Location
- Country: Canada
- Province: British Columbia
- District: Cassiar Land District

Physical characteristics
- Source: Xhlawit
- • location: Coast Mountains
- • coordinates: 55°6′33″N 129°12′19″W﻿ / ﻿55.10917°N 129.20528°W
- • elevation: 1,533 m (5,030 ft)
- Mouth: Nass River
- • coordinates: 55°12′26″N 129°9′15″W﻿ / ﻿55.20722°N 129.15417°W
- • elevation: 30 m (98 ft)
- Length: 17 km (11 mi)
- Basin size: 72.5 km^{2} (28.0 sq mi),
- • average: 2.17 m^{3}/s (77 cu ft/s)

Basin features
- Topo map: NTS103P3 Tseax River

= Vetter Creek =

Vetter Creek is a tributary of the Nass River in the northern part of the province of British Columbia, Canada.

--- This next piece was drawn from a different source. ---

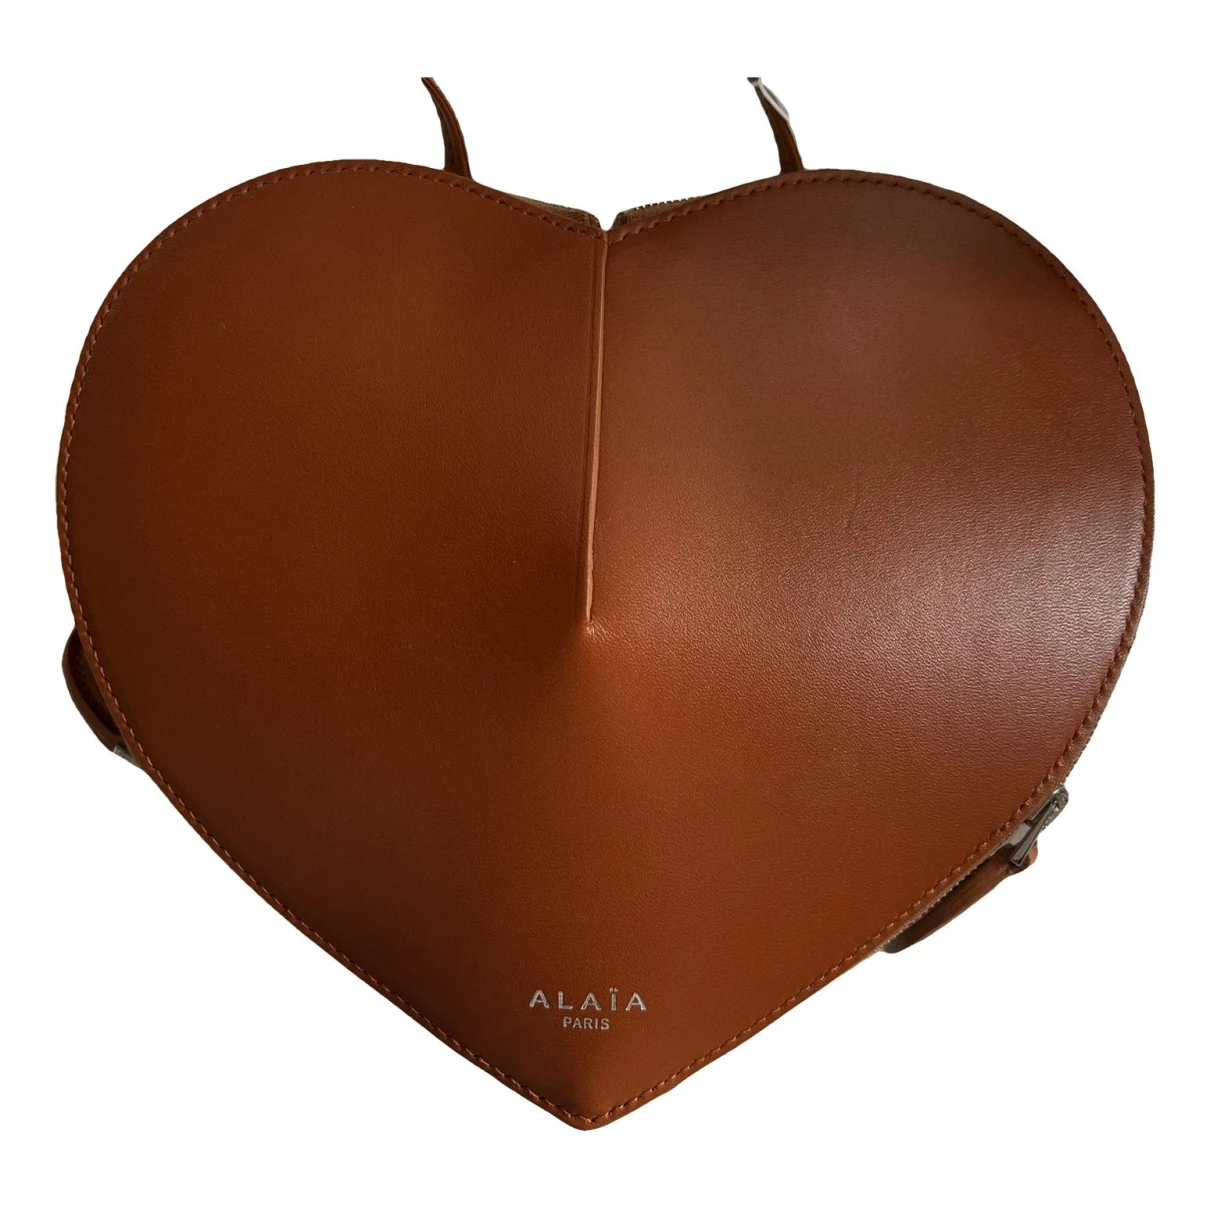 Pre-owned Alaïa Le Coeur Leather Handbag In Brown

From its source at Xhlawit (formerly "Vetter Mountain"), Vetter Creek flows generally east and north for roughly
17 km
to join the Nass River near the Nisga'a communities of Gitwinksihlkw and Gitlaxt'aamiks (formerly "Canyon City" and "New Aiyansh" respectively).

Vetter Creek's watershed covers 72.5 km2. The lower part of the drainage basin near the creek's mouth is within Nisga'a Memorial Lava Bed Corridor Protected Area, which adjoins Nisga'a Memorial Lava Bed Provincial Park and was established as part of the Nisga'a Treaty.

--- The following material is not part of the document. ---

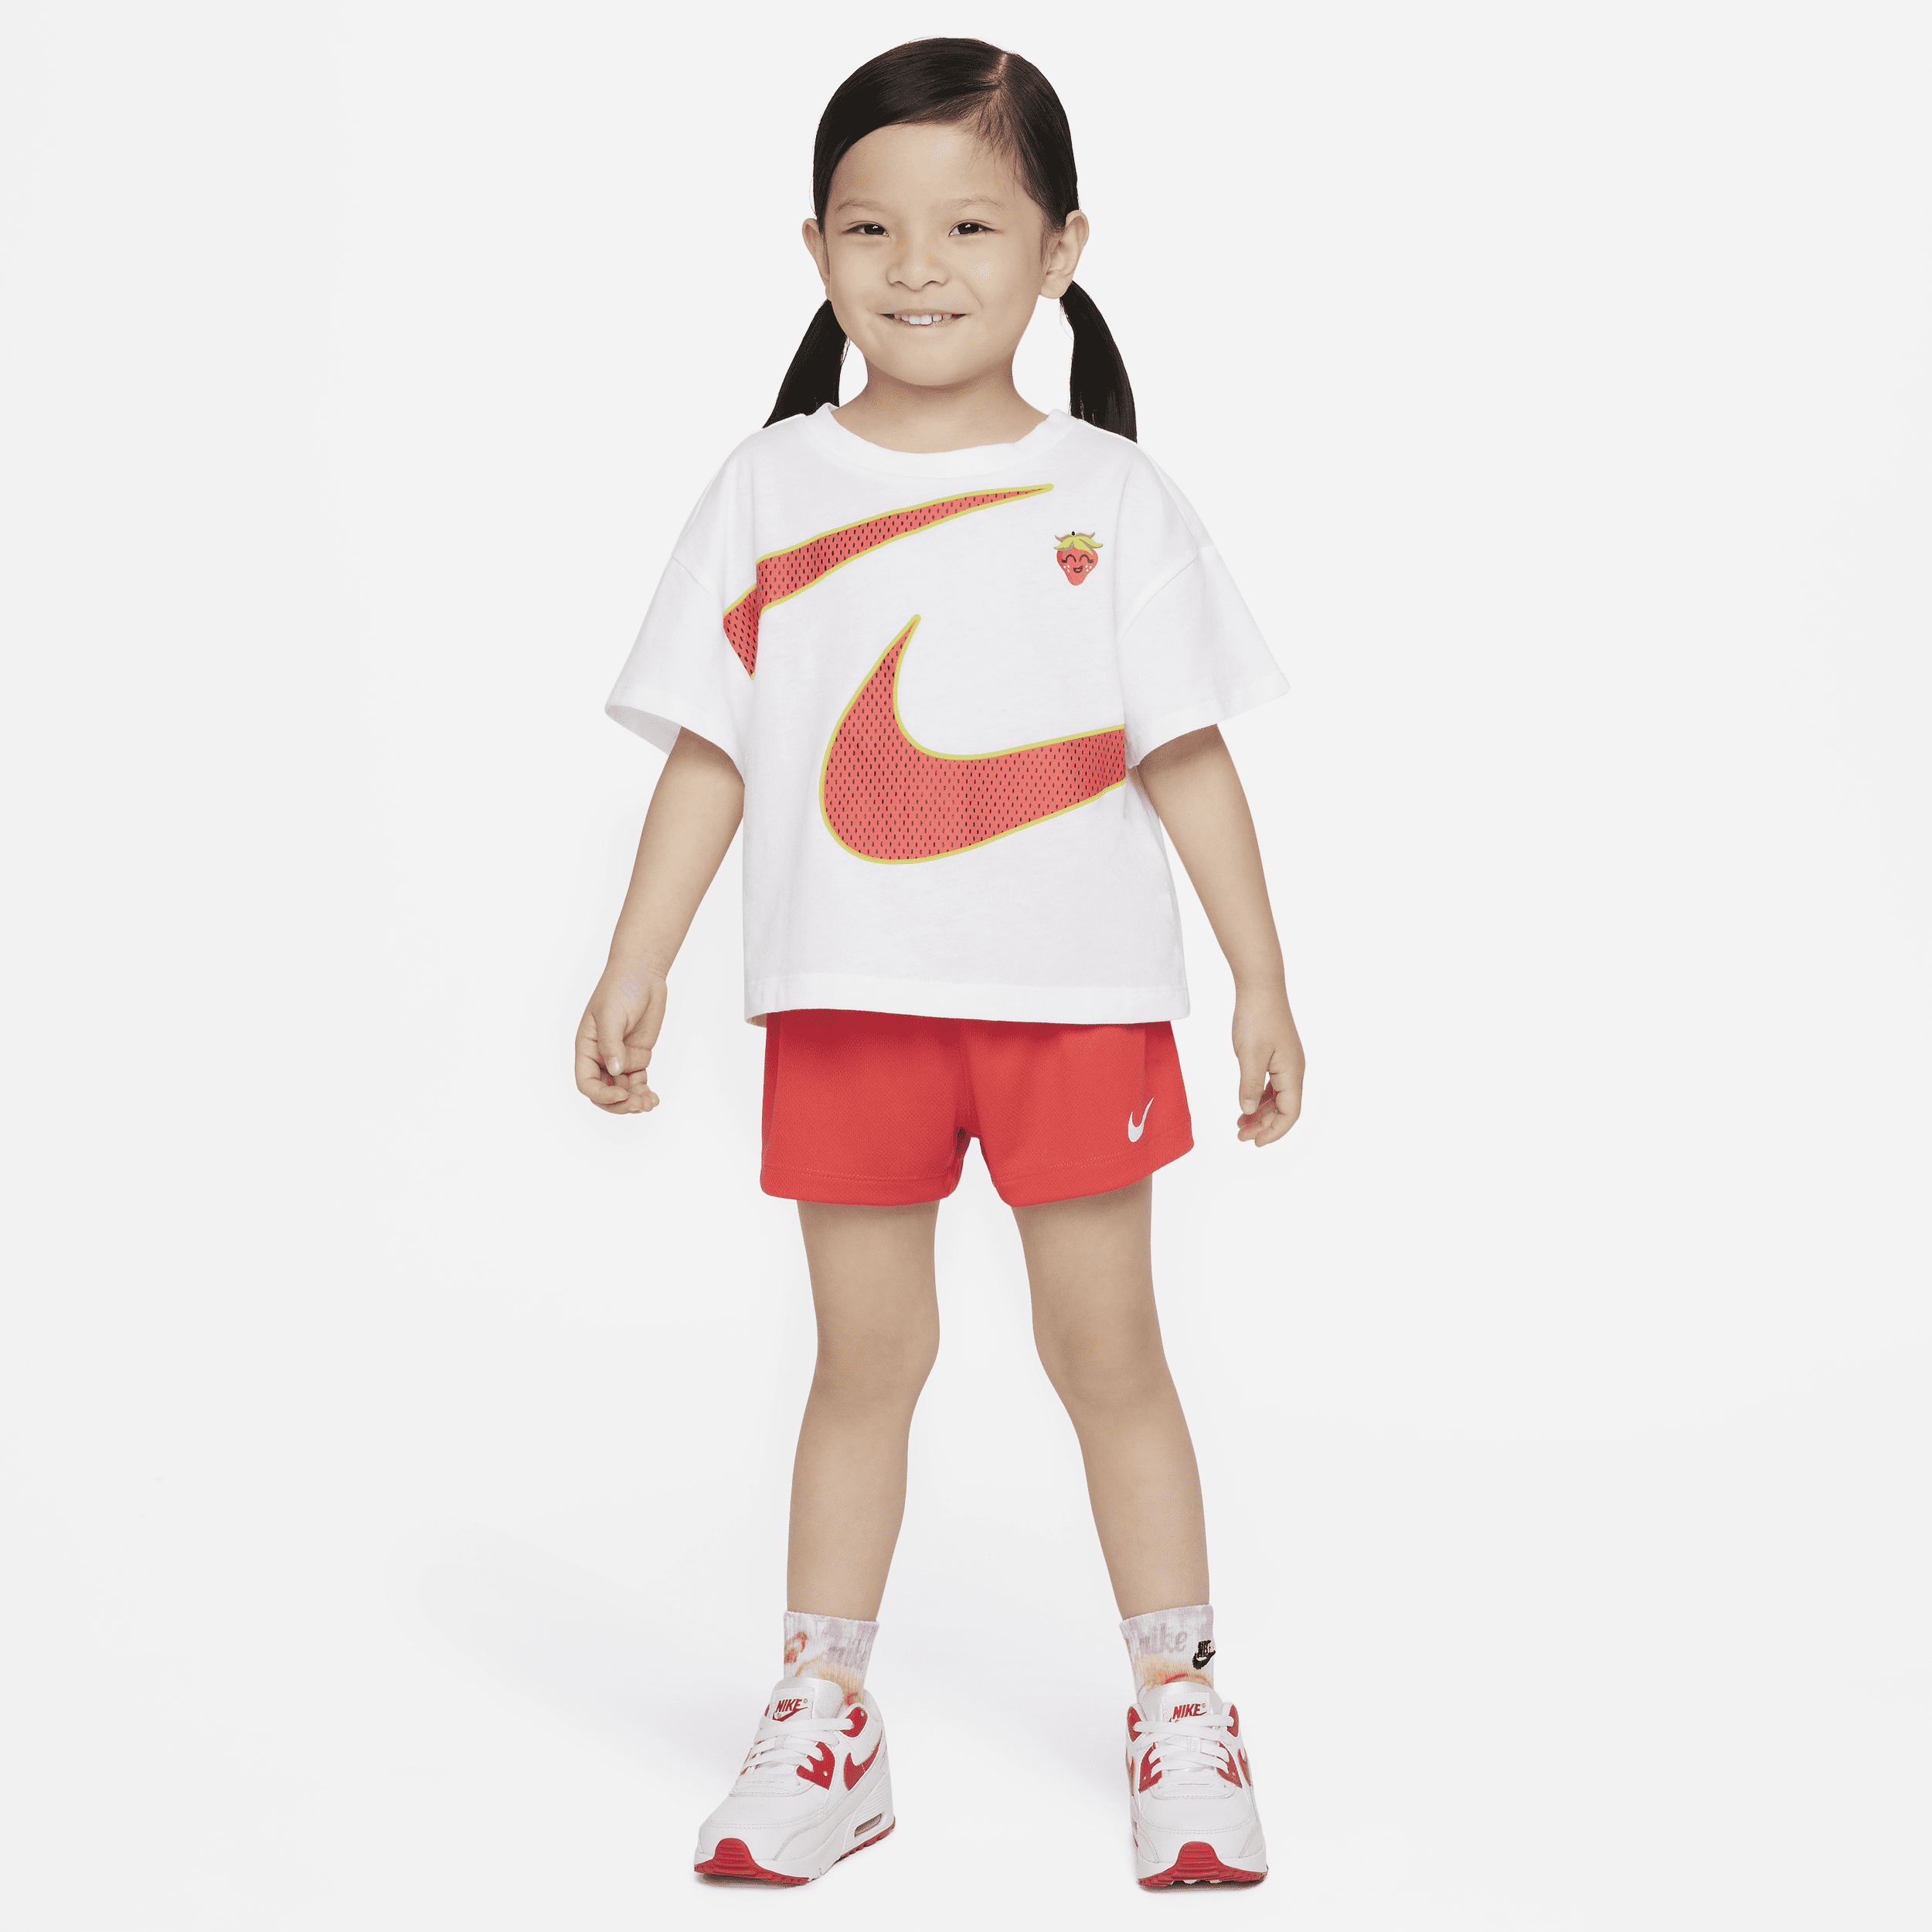 Completo t-shirt e shorts Nike – Bimbi piccoli - Rosso

The creek's mean annual discharge is estimated at 2.17 m3/s. The mouth of Vetter Creek is located about 4.5 km west of Gitlaxt'aamiks ("New Aiyansh"), about 125 km northeast of Prince Rupert, British Columbia, about 435 km northwest of Prince George, British Columbia, about 155 km east of Ketchikan, Alaska; about 780 km north of Vancouver, British Columbia, and about 465 km southeast of Juneau, Alaska. Vetter Creek's watershed's land cover is classified as 50.9% conifer forest, 18.9% barren, 11.9% shrubland, 8.7% snow/glacier, and small amounts of other cover.

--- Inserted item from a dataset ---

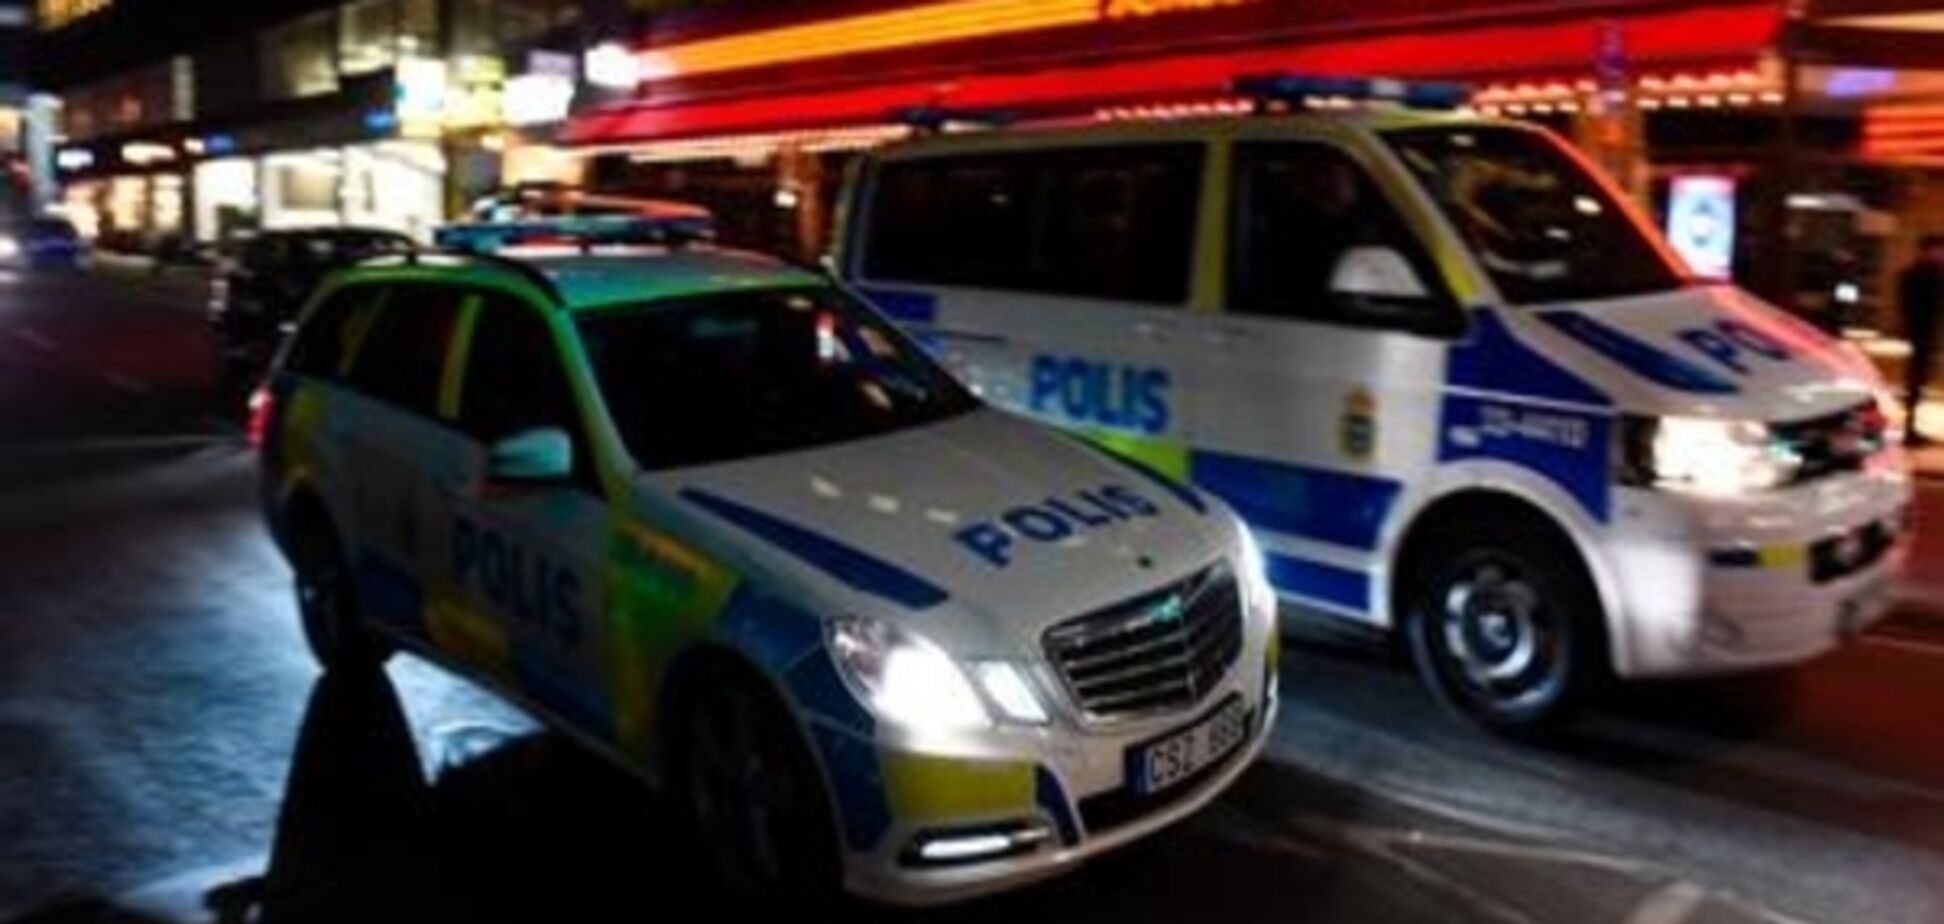 Напад у Стокгольмі: Поліція затримала підозрюваного

Most of Vetter Creek's drainage basin lies within the territory of the Nisga'a First Nation, or within Nisga'a Memorial Lava Bed Provincial Park (Nisga'a: Anhluut'ukwsim Lax̲mihl Angwinga'asankswhl Nisg̲a'a). The park is jointly managed by the provincial government and the Nisga'a Nation.

==Geography==
The headwaters of Vetter Creek flow from glaciers on the north slope of the mountain Xhlawit. Its tributaries flow from the high peaks near Xhlawit. Vetter Creek flows generally north to the Nass River.

The drainage system of Vetter Creek and the nearby Ksi Sii Aks (Tseax River) was radically altered by a lava flow in the 18th century. Lava from the Tseax Cone volcano blocked and filled parts of the Tseax Valley, covered lower Vetter Creek and the Vetter alluvial fan where the creek used to enter the Nass River. The lava also altered the Nass River. The lava forced Ksi Sii Aks and Vetter Creek to abandon their alluvial channels, forming a new, more chaotic drainage system with multiple channels, anabranching patterns, numerous pools and small lakes, subsurface flow beneath the lava in places, and other fluvial complexities.

Vetter Creek flows into a complex series of pools and wetlands as it reaches the lava field. Some side channels of Ksi Sii Aks also flow into this area during high water season. Vetter Creek flows over the lava for about 800 m before entering a series of sinkholes. Since the lava reaches the southern bank of the Nass River, Vetter Creek only emerges from beneath the lava where it empties into the Nass.

Vetter Creek's lower course is roughly parallel to Ksi Sii Aks. The drainage of both streams is chaotic due to the lava field, with pools, wetlands, and side channels that can change seasonally and are slowly establishing new routes through the lava. A side branch of Ksi Sii Aks flows over Vetter Falls, called Ts’itksim Aks in Nisga'a, and by the Nisga’a Memorial Lava Bed Park Campground before entering a chaotic series of pools at the edge of the lava field.

==History==

The Tseax Cone volcano, along lower Crater Creek, was the source of an eruption during the 18th century that killed approximately 2,000 Nisga'a people from poisonous volcanic gases, and at least three villages were destroyed, making it one of the most deadly natural disasters known in Canadian history.